*Data segment:*

· · · ·

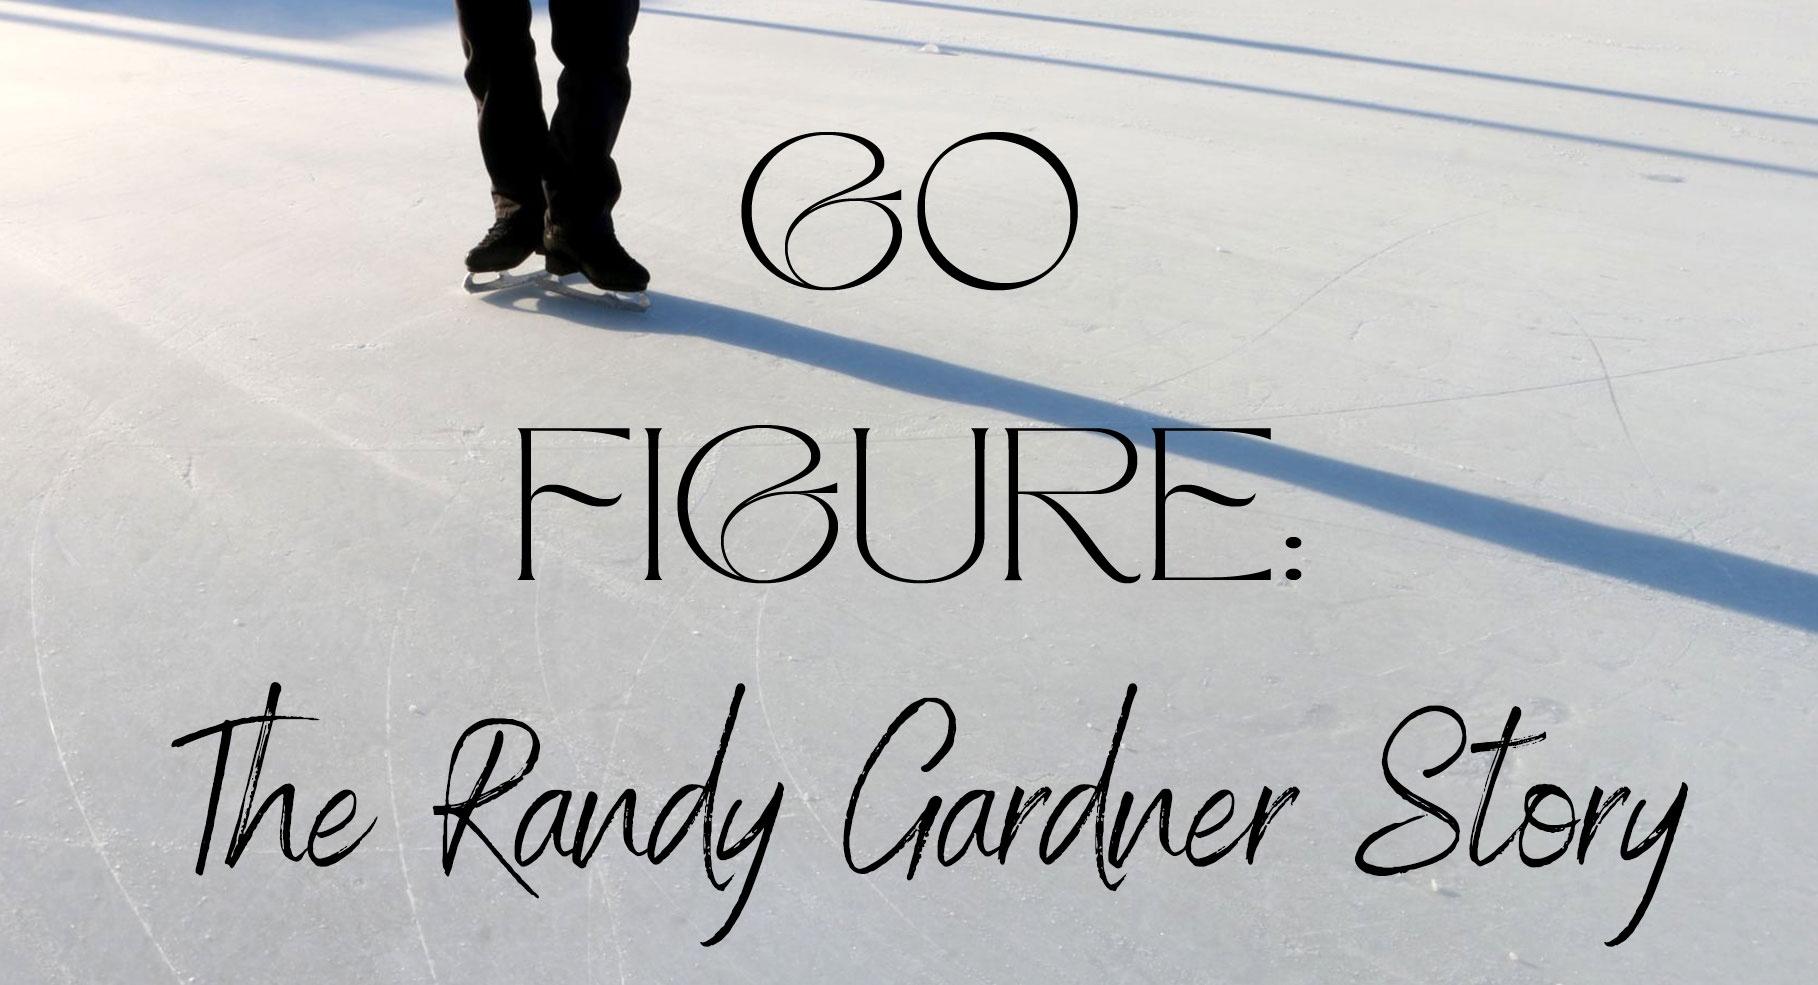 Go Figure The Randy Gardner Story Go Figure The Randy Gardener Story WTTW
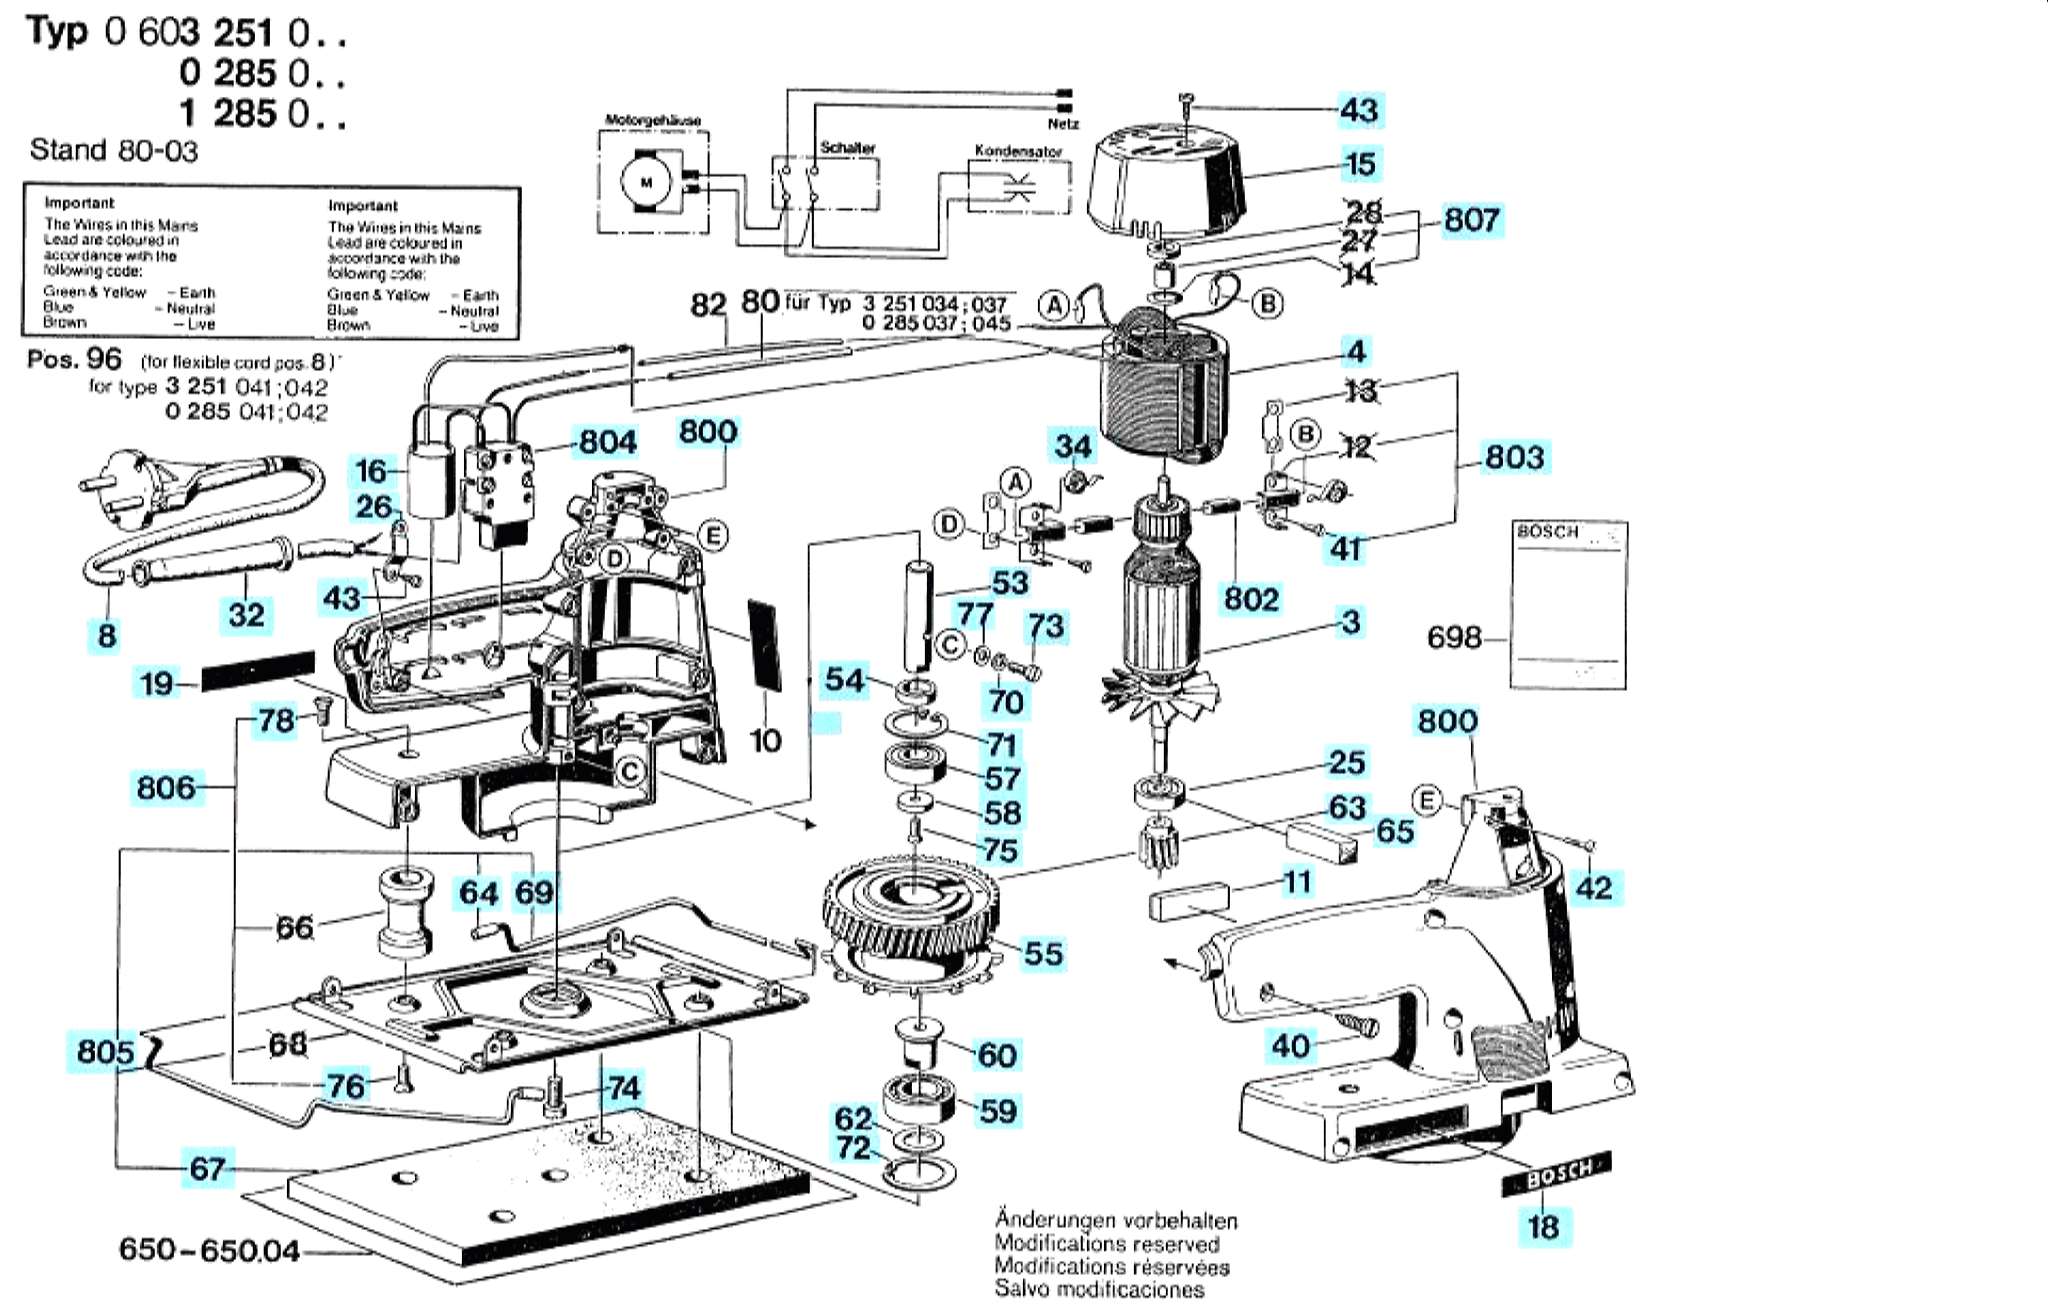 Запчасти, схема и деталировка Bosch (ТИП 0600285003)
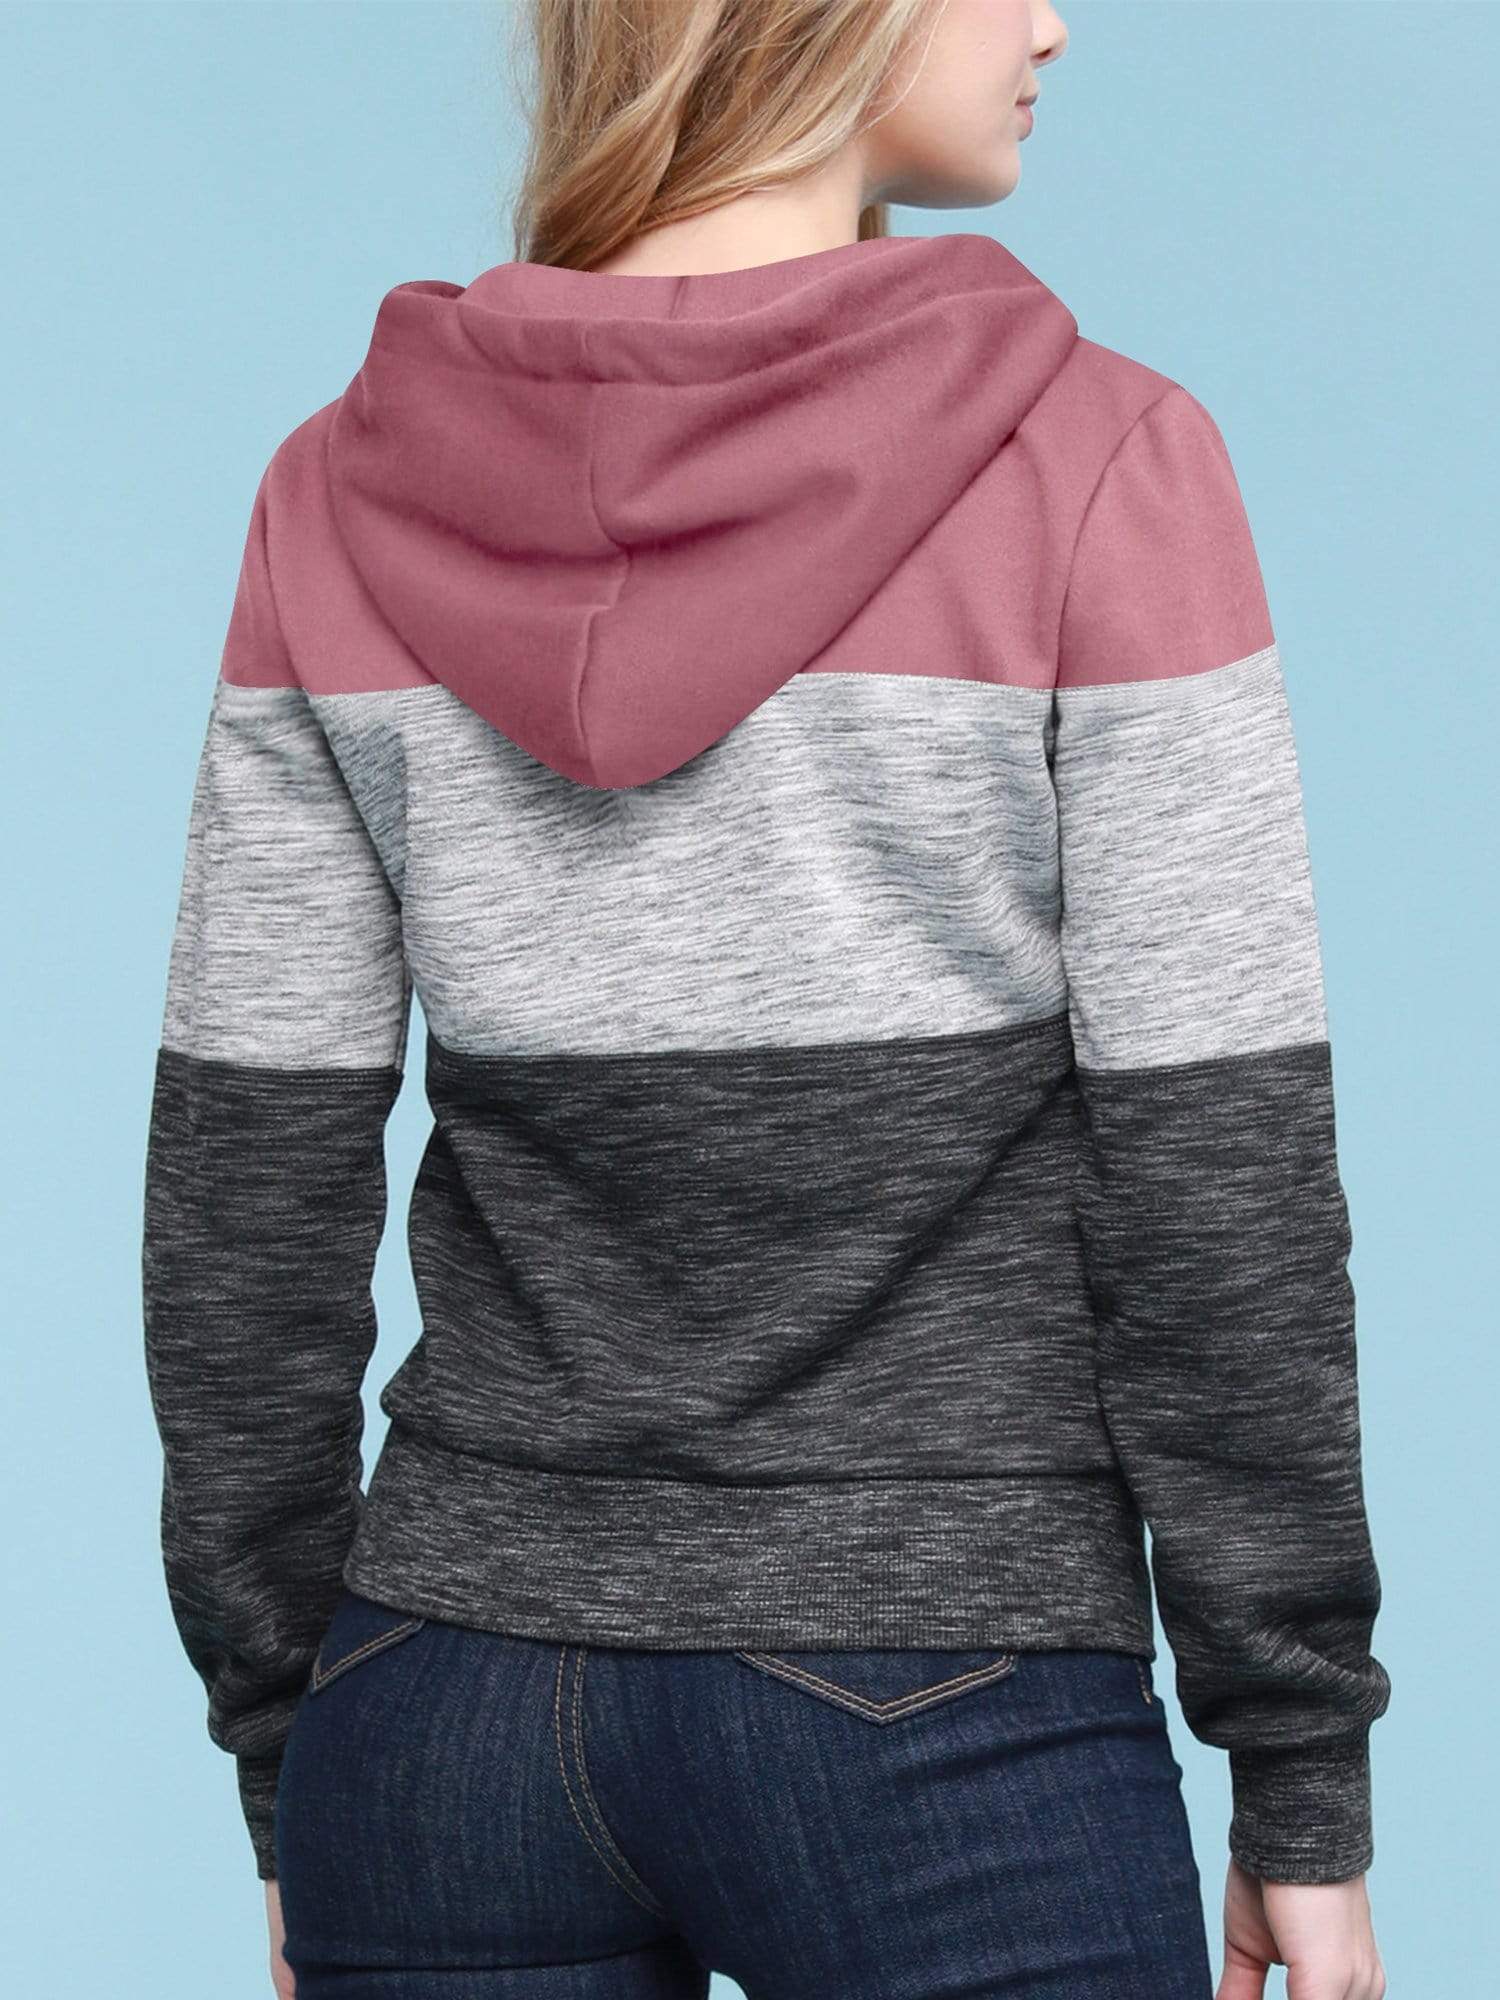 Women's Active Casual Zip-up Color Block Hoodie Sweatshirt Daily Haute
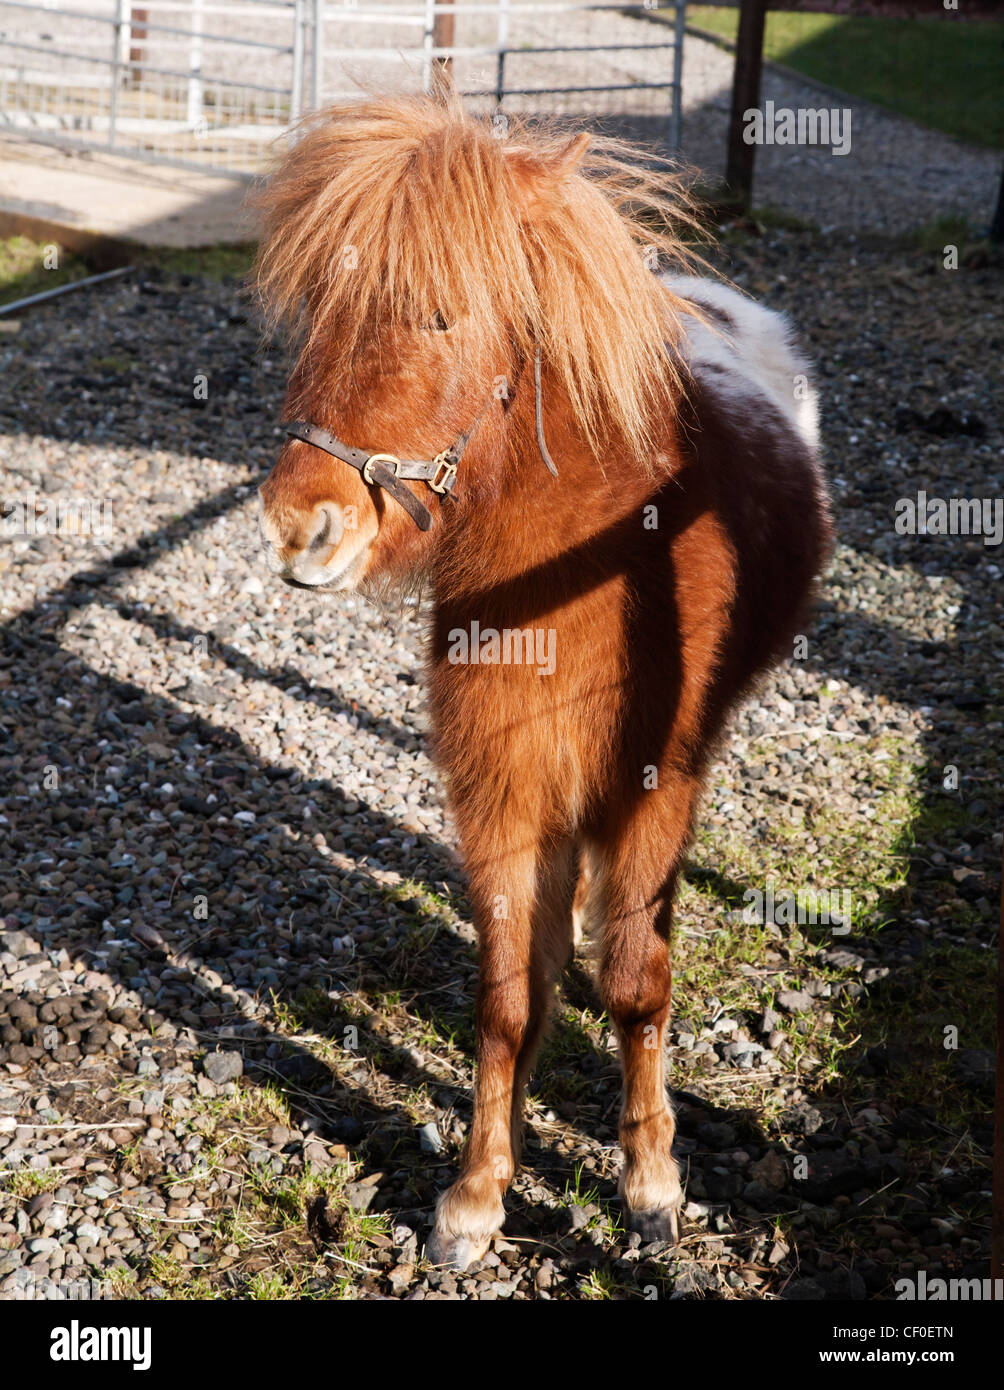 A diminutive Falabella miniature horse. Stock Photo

· · · ·

*What the task asks:* From the line that contains "Запчасти, схема и" through the last line of the listing, copy each line exactly; both end lines stay in, and pictures stay out.

*Output of the task:*
 Запчасти, схема и деталировка Bosch (ТИП 0600285003)
 Women's Active Casual Zip-up Color Block Hoodie Sweatshirt Daily Haute
 A diminutive Falabella miniature horse. Stock Photo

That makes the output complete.